The checks are very specific to the dataset. The script assumes that the data
is in BIDS format and that each BIDS events file of the form `_events.tsv`
has a corresponding events file with suffix `_events_temp.tsv` that was previously
dumped from the `EEG.set` files.

In order to compare the events coming from the BIDS events files and those
from the EEG.set files, the script creates dictionaries of `key` to full path
for each type of file.  The `key` is of the form `sub-xxx_run-y` which
uniquely specify each event file in the dataset.

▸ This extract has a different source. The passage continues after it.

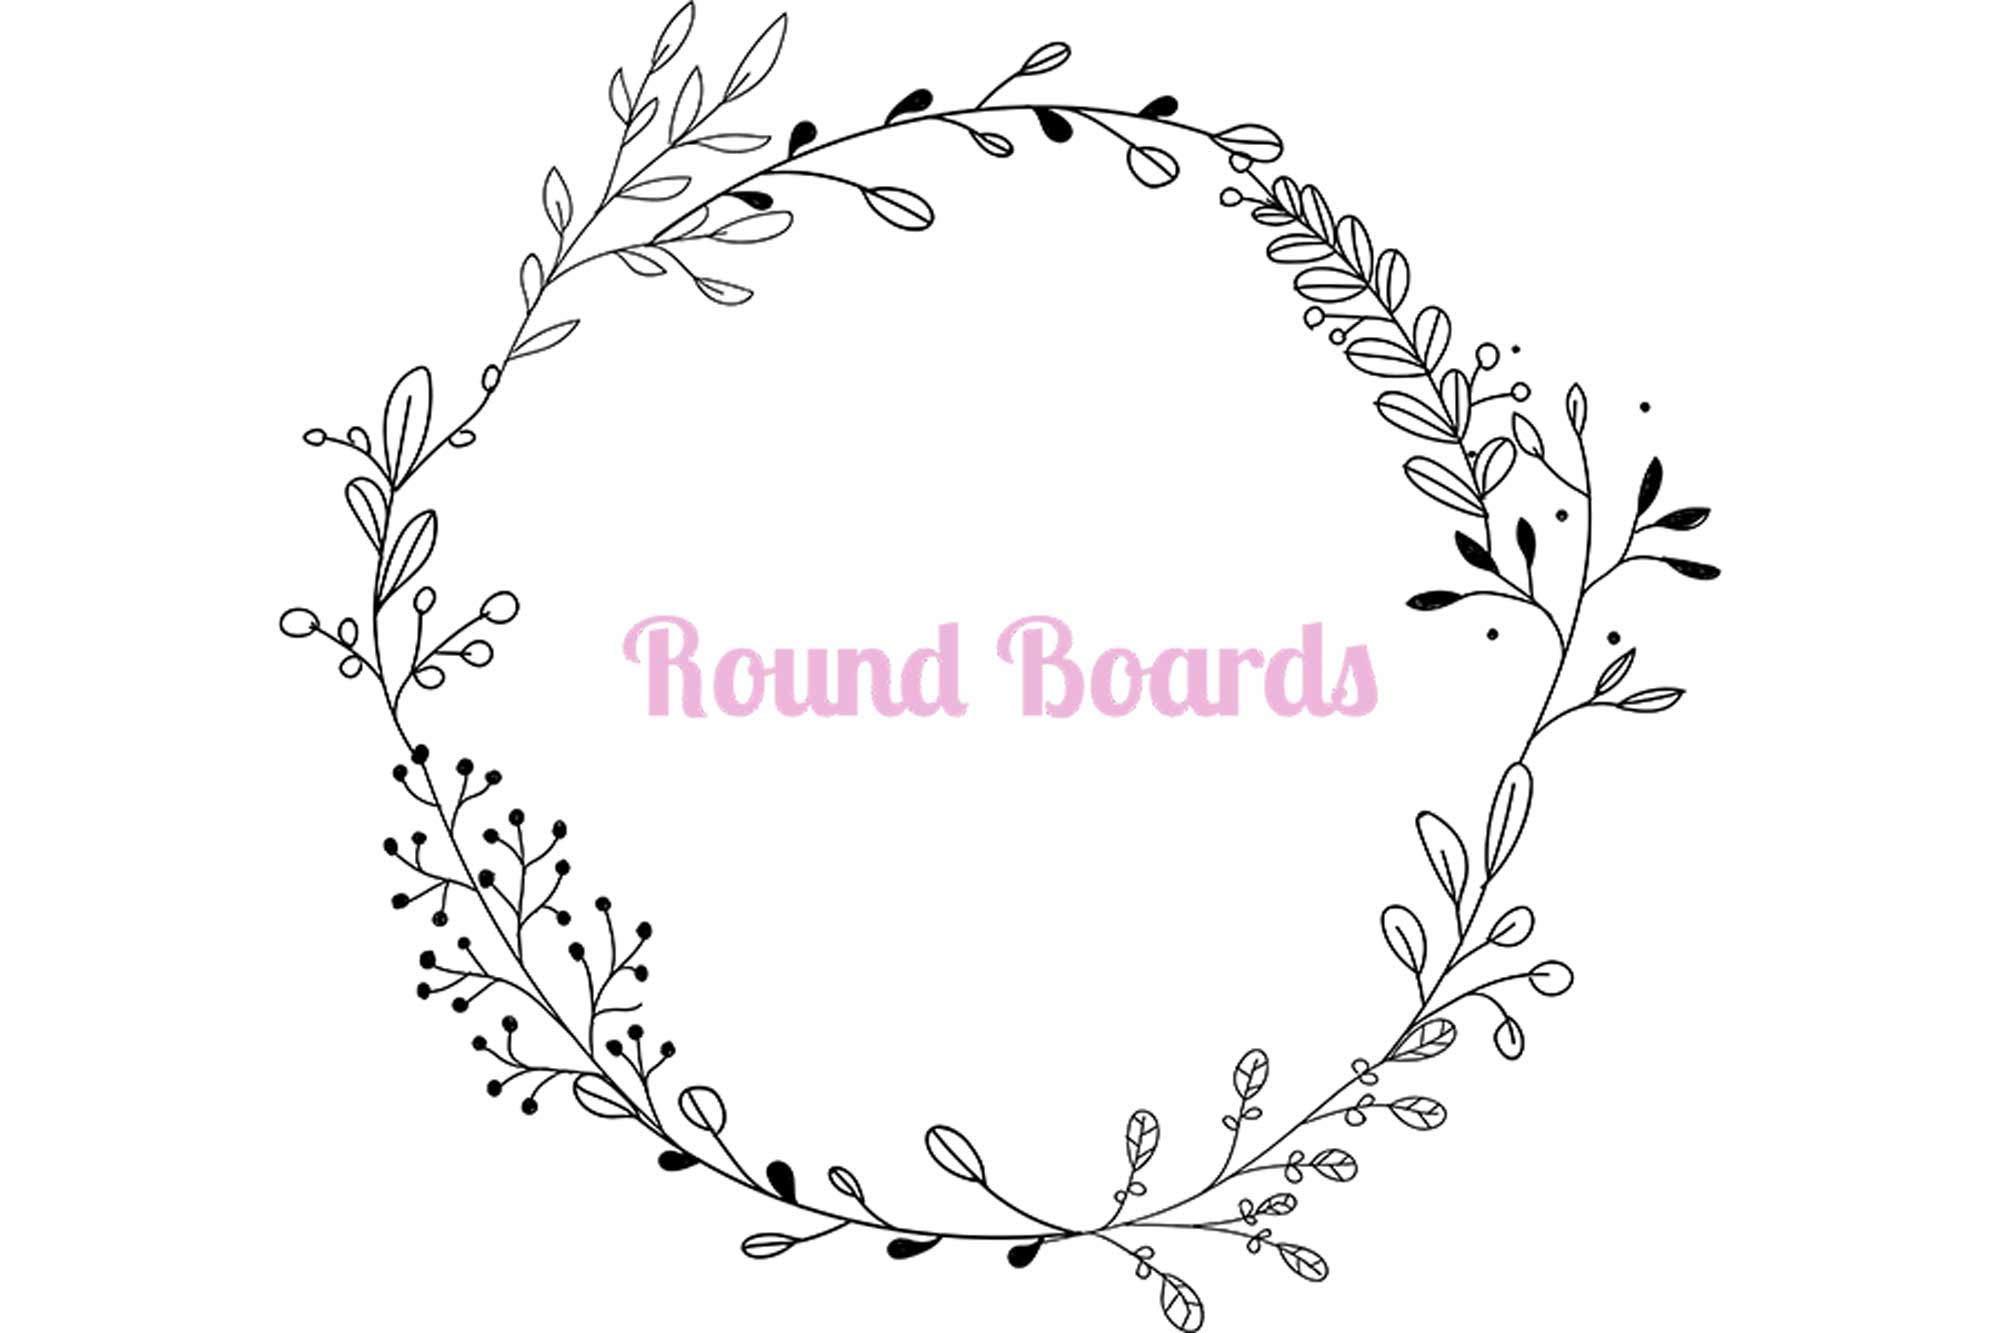 Round Boards

If a dataset contains
multiple sessions for each subject, the `key` should include additional
parts of the file name to uniquely specify each subject.

The following verifications are performed:
### Verification of relationships:

These relationships are checked for each event file:
1. EEG `cond_code` == BIDS `trial_type`
2. EEG `type` == BIDS `value`

In [None]:
bids_root_path = 'G:/AttentionShift/AttentionShiftExperiments'
bids_skip = ['onset', 'duration', 'sample', 'stim_file', 'HED']
eeg_skip = ['latency', 'urevent', 'usertags', 'sample_offset']

In [None]:
from hed.tools.io_utils import get_file_list, make_file_dict

# Construct the dictionary for BIDS events files
files_bids = get_file_list(bids_root_path, extensions=[".tsv"], name_suffix="_events")
files_eeg = get_file_list(bids_root_path, extensions=[".tsv"], name_suffix="_events_temp")
dict_bids = make_file_dict(files_bids)
files_eeg = get_file_list(bids_root_path, extensions=[".tsv"], name_suffix="_events_temp")


In [None]:
print("Checking cond_code == trial_type and type == value")
for key, file_eeg in eeg_file_dict.items():
    # Get the column dictionaries for corresponding files
    eeg_dict = eeg_dicts[key]
    bids_dict = bids_dicts[key]
    eeg_type_dict = eeg_dict.categorical_info['type']
    eeg_cond_dict = eeg_dict.categorical_info['cond_code']
    bids_value_dict = bids_dict.categorical_info['value']
    bids_trial_type_dict = bids_dict.categorical_info['trial_type']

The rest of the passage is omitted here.